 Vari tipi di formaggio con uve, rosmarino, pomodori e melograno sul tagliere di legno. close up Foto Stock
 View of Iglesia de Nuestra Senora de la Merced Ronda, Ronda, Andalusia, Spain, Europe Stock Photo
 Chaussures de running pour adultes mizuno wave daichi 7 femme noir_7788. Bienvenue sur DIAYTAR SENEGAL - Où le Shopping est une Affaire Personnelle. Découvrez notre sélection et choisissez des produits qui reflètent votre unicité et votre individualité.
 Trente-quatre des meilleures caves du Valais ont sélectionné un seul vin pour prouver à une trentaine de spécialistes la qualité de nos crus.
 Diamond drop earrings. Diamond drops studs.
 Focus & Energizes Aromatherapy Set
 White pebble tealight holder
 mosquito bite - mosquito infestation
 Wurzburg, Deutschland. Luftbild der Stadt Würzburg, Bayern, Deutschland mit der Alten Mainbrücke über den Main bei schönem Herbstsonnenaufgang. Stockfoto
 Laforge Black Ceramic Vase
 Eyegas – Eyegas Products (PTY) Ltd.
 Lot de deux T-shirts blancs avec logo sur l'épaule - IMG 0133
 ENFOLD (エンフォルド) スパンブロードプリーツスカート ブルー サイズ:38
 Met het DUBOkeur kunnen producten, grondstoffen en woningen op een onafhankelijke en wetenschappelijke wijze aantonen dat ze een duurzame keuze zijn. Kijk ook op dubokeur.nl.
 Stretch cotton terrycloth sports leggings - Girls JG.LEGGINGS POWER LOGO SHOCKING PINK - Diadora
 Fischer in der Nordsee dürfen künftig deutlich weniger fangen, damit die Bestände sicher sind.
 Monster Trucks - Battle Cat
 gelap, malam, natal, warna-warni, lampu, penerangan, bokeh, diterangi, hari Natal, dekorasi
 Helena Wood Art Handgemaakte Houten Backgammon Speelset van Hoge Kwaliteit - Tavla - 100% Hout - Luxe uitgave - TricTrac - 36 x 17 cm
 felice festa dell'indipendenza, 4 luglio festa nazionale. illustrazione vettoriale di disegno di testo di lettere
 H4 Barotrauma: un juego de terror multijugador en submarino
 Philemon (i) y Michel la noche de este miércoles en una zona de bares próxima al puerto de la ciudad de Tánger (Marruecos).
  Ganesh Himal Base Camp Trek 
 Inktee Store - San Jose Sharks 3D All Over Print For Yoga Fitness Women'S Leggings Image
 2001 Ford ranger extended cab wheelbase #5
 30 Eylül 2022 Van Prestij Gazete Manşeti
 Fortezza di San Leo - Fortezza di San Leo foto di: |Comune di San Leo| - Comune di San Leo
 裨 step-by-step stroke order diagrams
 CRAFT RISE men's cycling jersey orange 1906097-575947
===============
▶ **Exercise goal**: Your reply should hold every line from the data that contains "pour", copied in full.

▶ **Result of this task**:
 Chaussures de running pour adultes mizuno wave daichi 7 femme noir_7788. Bienvenue sur DIAYTAR SENEGAL - Où le Shopping est une Affaire Personnelle. Découvrez notre sélection et choisissez des produits qui reflètent votre unicité et votre individualité.
 Trente-quatre des meilleures caves du Valais ont sélectionné un seul vin pour prouver à une trentaine de spécialistes la qualité de nos crus.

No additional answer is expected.